Roche und Zealand Pharma: Petrelintid enttäuscht als Monotherapie
Das gemeinsam entwickelte Adipositas-Medikament Petrelintid bleibt in Phase-2-Studie hinter Wirksamkeitserwartungen zurück.

Der Adipositas-Medikamentenkandidat Petrelintid von Roche Holding und Zealand Pharma hat in einer klinischen Studie der mittleren Phase enttäuscht. Der Gewichtsverlust von 10,7 Prozent in der 42. Behandlungswoche liegt zwar auf dem Niveau vergleichbarer Wirkstoffe von Novo Nordisk und Eli Lilly, blieb aber unter den Analystenerwartungen. J.P. Morgan rechnet infolgedessen mit einem Kursrückgang der betroffenen Aktien von ein bis zwei Prozent.
Die Analysten von Citi sehen dennoch Potenzial – allerdings weniger in der Monotherapie als in der Kombination mit einem anderen Roche-Kandidaten. Das placeboähnliche Verträglichkeitsprofil von Petrelintid könnte in Verbindung mit dem Wirkstoff CT-388 deutlich bessere Ergebnisse liefern, so die Einschätzung. Citi bezeichnet die Kombinationstherapie ausdrücklich als vielversprechender.
Studien in der zweiten Jahreshälfte geplant
Roche und Zealand Pharma wollen in der zweiten Jahreshälfte 2025 sowohl eine Spätphasenstudie für Petrelintid als Monotherapie als auch eine Phase-2-Studie für die Kombination aus Petrelintid und CT-388 starten. Damit bleibt der Entwicklungspfad trotz der gemischten Zwischenergebnisse offen. J.P. Morgan betont, dass ein Gewichtsverlustprofil im mittleren Zehnerbereich in Phase 3 weiterhin möglich sei.

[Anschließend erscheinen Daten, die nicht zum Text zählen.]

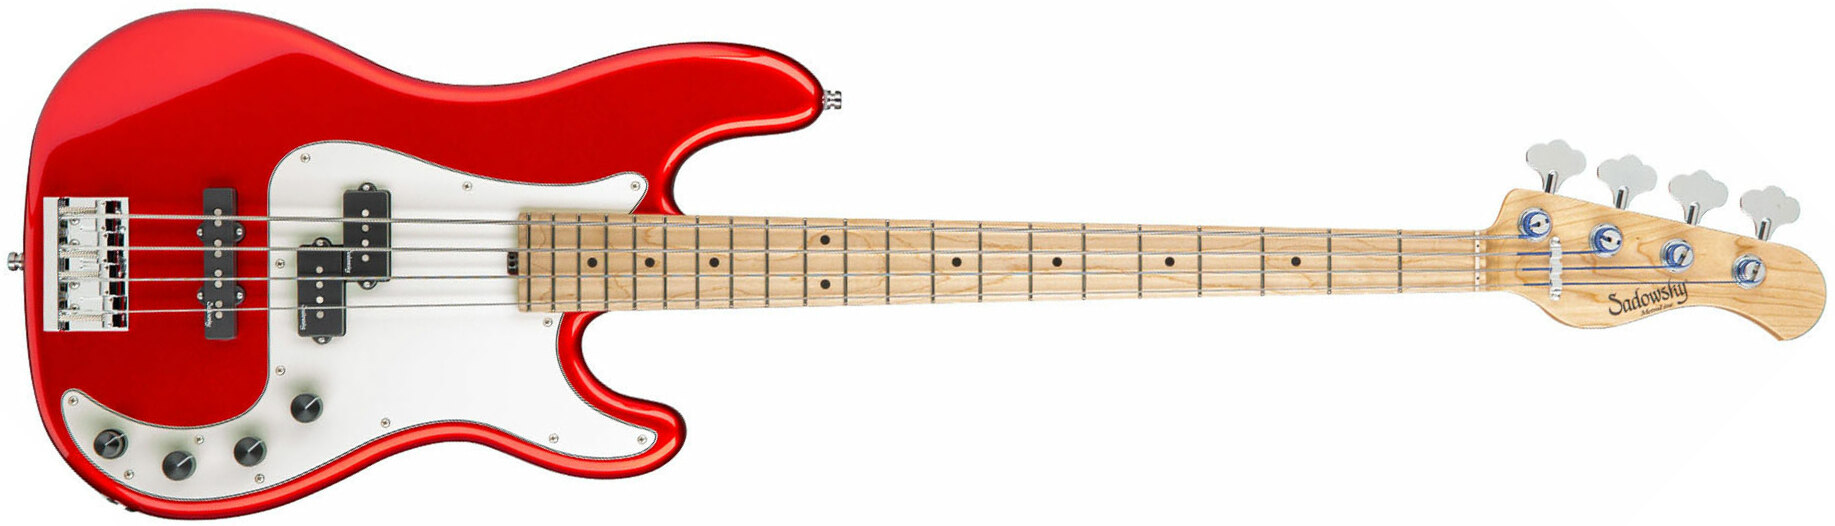 Sadowsky Hybrid P/j Bass 21 Fret Ash 4c Metroline All Active Mn - Solid Candy Apple Red - Solid body electric bass - Main picture

Der Markt für Adipositas-Medikamente ist derzeit einer der heißumkämpftesten der Pharmaindustrie. Platzhirsche wie Novo Nordisk mit Semaglutid und Eli Lilly mit Tirzepatid setzen die Messlatte für neue Wirkstoffe hoch. Roche und Zealand müssen mit Petrelintid einen klaren Differenzierungsvorteil nachweisen, um sich am Markt zu etablieren.